El almacén entonces ya contaba con buen surtido, y como se volvió el lugar de moda para el parche era el último local en cerrar, gracias a eso llegaban compradores nocturnos con billetera generosa y mente abierta a oir nuevas bandas, tocaba entonces mandar a la muchachada fumada y ebria para sus casas, levantar del suelo a los pepos y sacar a Augusto de debajo de los carros parqueados donde se metía a aspirar pegante y, ya por fin, atender a los clientes nocturnos. Ahí sí había un negocio y no un rumbeadero.
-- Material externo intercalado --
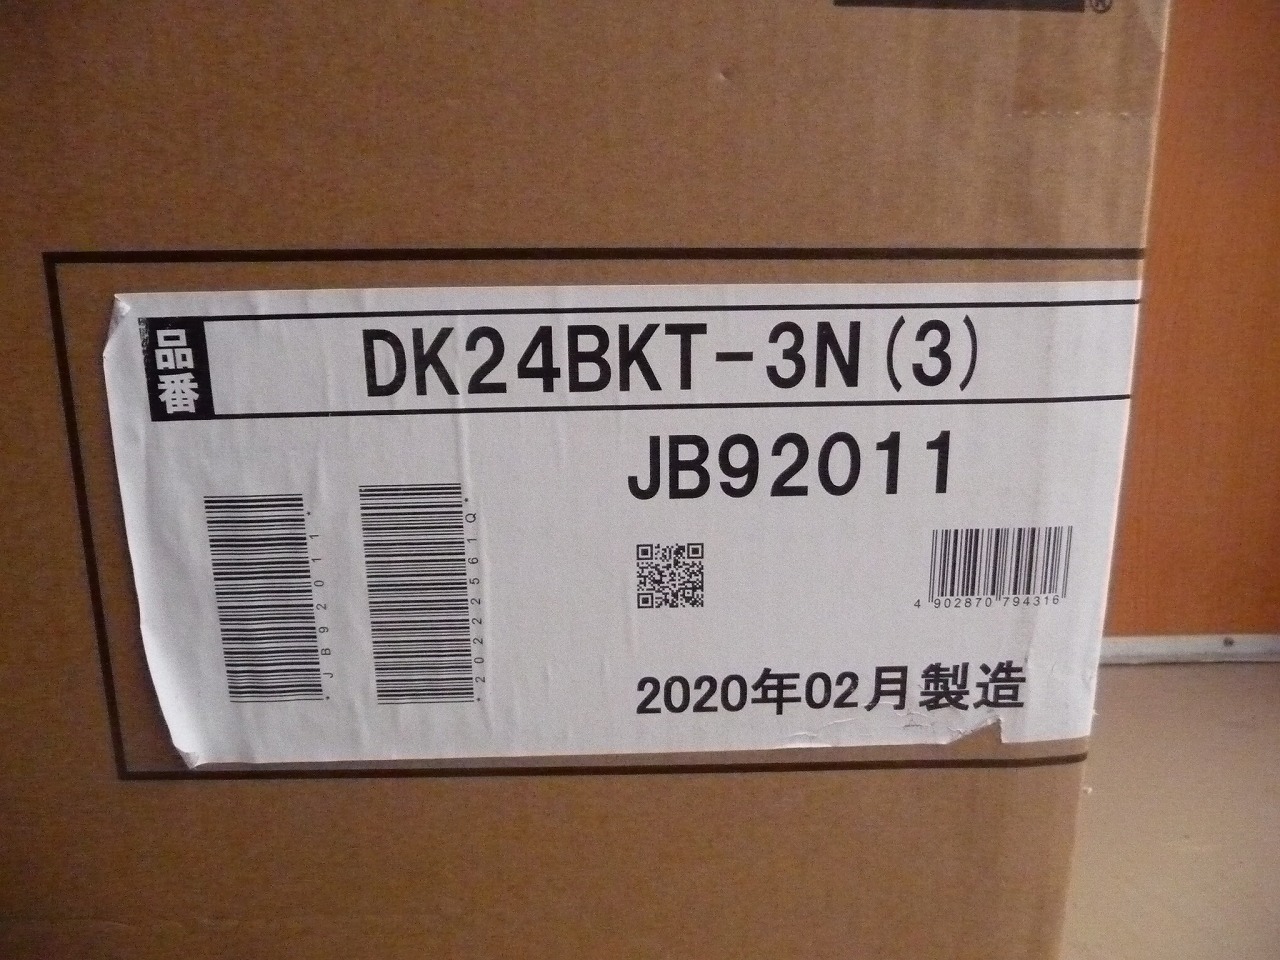 DK24BKT-3N

Ahora bien, los bares “alternativos” de los noventas, no me voy a poner a inventar que estuve bailando Stop de Jane´s Addiction en Vértigo Campo Eliás, o Magic Jhonson de los Peppers en Barbarie. Estrené mi cédula cuando ya tenia 19 o 20 años para entrar a Kaliman en la 82 y claro, fue todo un descubrimiento. Jovencitas con botas Dr Martens, ropa confeccionada por ellas mismas y cabellos de colores rechinantes, y ver tocar a la banda consentida de los dueños del bar (Hector y Andrea de Aterciopelados) Catedral de Amos Piñeros. Cuando sonaba la guitarra con Slide de Loser de Beck era la señal, los tragos se apuraban, los cigarrillos se apagaban y todos a la pista a cantar en coro: I´m a loser baby / so why don´t you kill me? Soy un perdedor nena /¿por qué no me matas? Ahí se brincaba, pero si sonaba Head like a Hole de Nine Inch Neils se pogueaba. Eso era interesante, había variedad porque en la música misma existía esa diversidad.
El voltaje mío con la fiesta mermó porque mi carrera me gustaba, el conocimiento me atraía, seguía viéndome con mis amigos de siempre pero para utilizarlos de actores naturales en videos de la universidad, ahí estuvieron sin falla.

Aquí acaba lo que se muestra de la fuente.